At this point, we have the tools up and the experimental data ready for fuzzing and testing.

2.3 Differential Testing of Input Corpus Seeds (Section V.A. & Table II):

Testing is usually against the most recent version. To get gem5 built from tree, run this code:

cd /home/debian
git clone https://github.com/gem5/gem5.git
cd gem5
pip install -r requirements.txt
scons build/ARM/gem5.opt -j 4
cd /home/debian

To run a single test:

/home/debian/gem5/build/ARM/gem5.opt /home/debian/SearchGEM5/hello-custom-binary-Ex.py --isa ARM --input /home/debian/experiment/CodeBooga-cmin/input/test_input_645596930837886.txt

You can try different test inputs by changing the file after the --input.
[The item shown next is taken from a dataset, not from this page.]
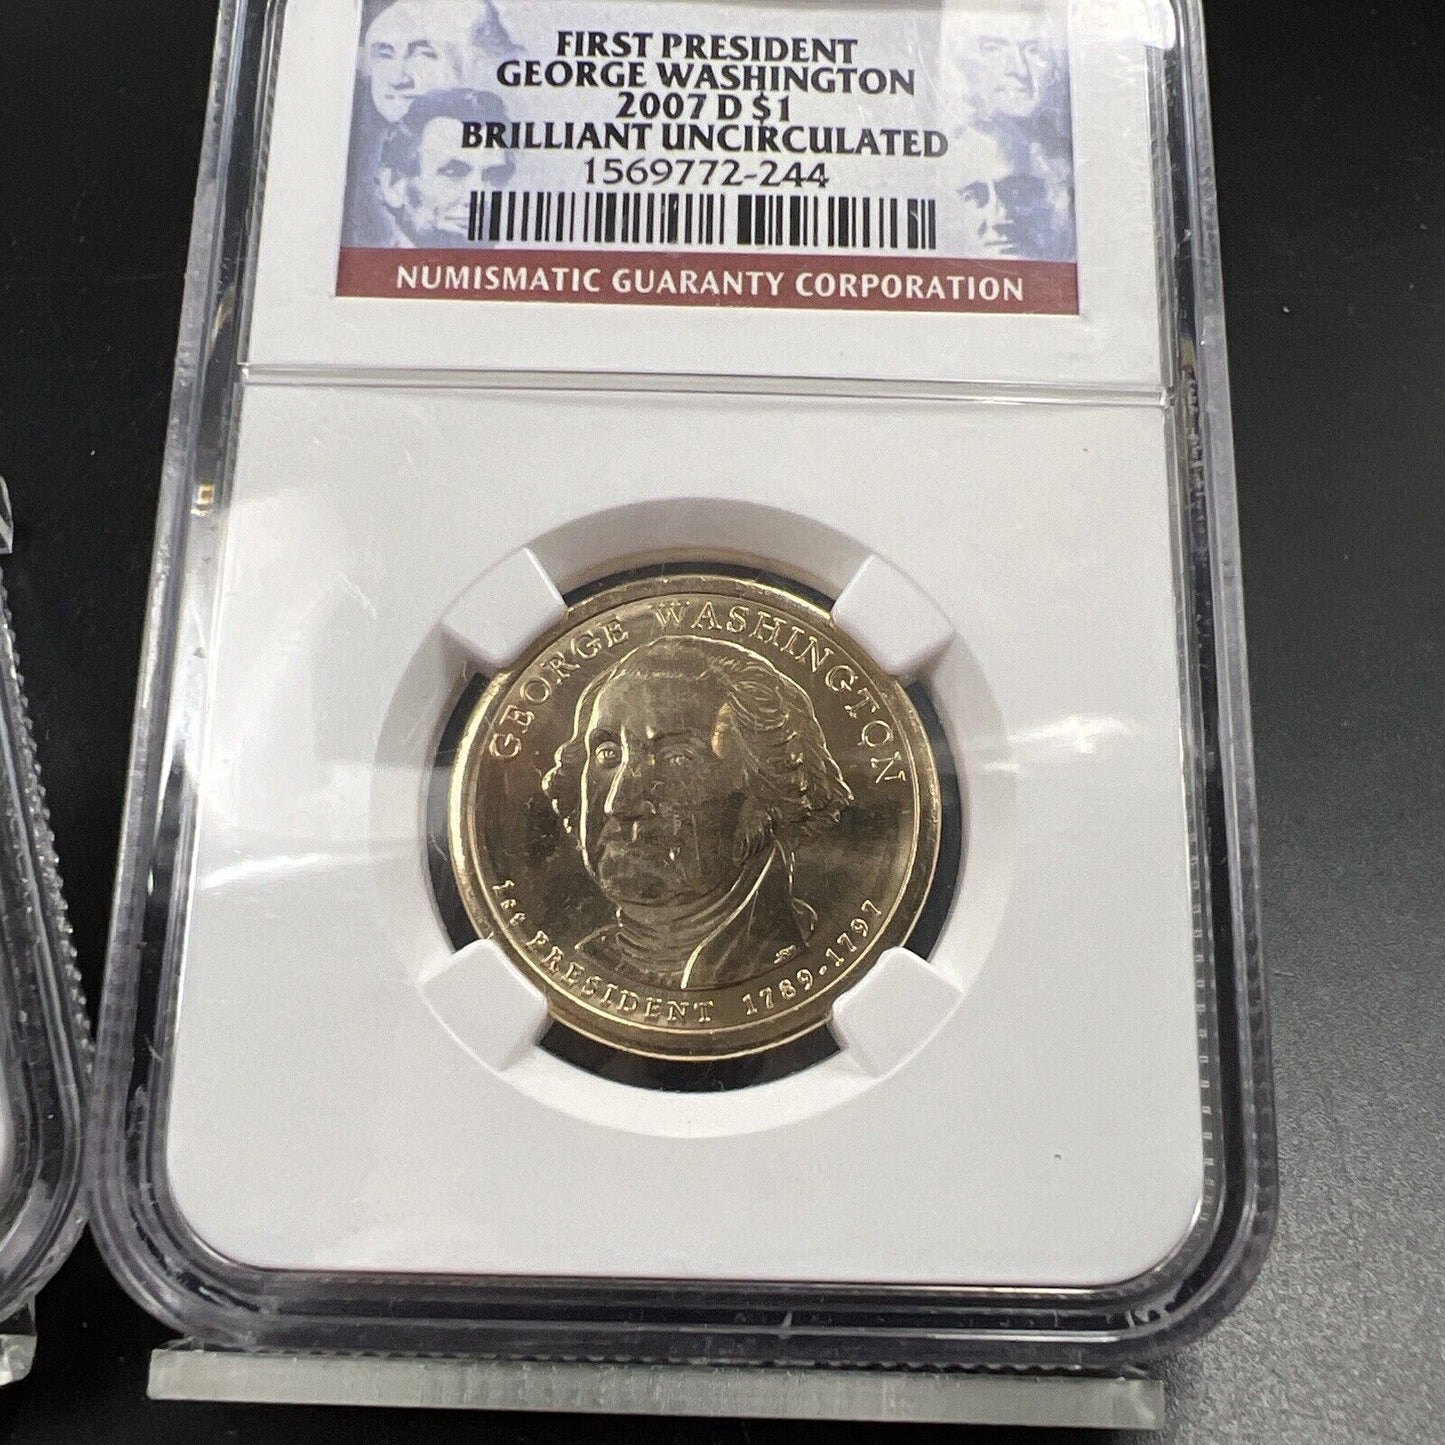 2007 P & D $1 George Washington Presidential Dollar Two Coin Set NGC BU Certifie

To run a single comparison between native and simulation, you run:

./2-test-input.sh /home/debian/experiment/CodeBooga-cmin/input/test_input_645596930837886.txt

To run the whole process for a folder, and then check the results later, you run the differential testing script:

./1-run-diff-test.sh /home/debian/experiment/CodeBooga-cmin/input > LLM-diff-testing-CodeBooga.log 2>&1
./1-run-diff-test.sh /home/debian/experiment/Llama-cmin/input > LLM-diff-testing-Llama.log 2>&1
./1-run-diff-test.sh /home/debian/experiment/Magicoder-cmin/input > LLM-diff-testing-Magicoder.log 2>&1
./1-run-diff-test.sh /home/debian/experiment/Phi-cmin/input > LLM-diff-testing-Phi.log 2>&1 &
./1-run-diff-test.sh /home/debian/experiment/TinyLlama-cmin/input > LLM-diff-testing-TinyLlama.log 2>&1
./1-run-diff-test.sh /home/debian/experiment/gpt3.5-new-cmin/input > LLM-diff-testing-gpt3.5-new.log 2>&1
./1-run-diff-test.sh /home/debian/experiment/gpt3.5-old-cmin/input > LLM-diff-testing-gpt3.5-old.log 2>&1

==> This will give the results for Table II (page 7) after manual analysis of the logs.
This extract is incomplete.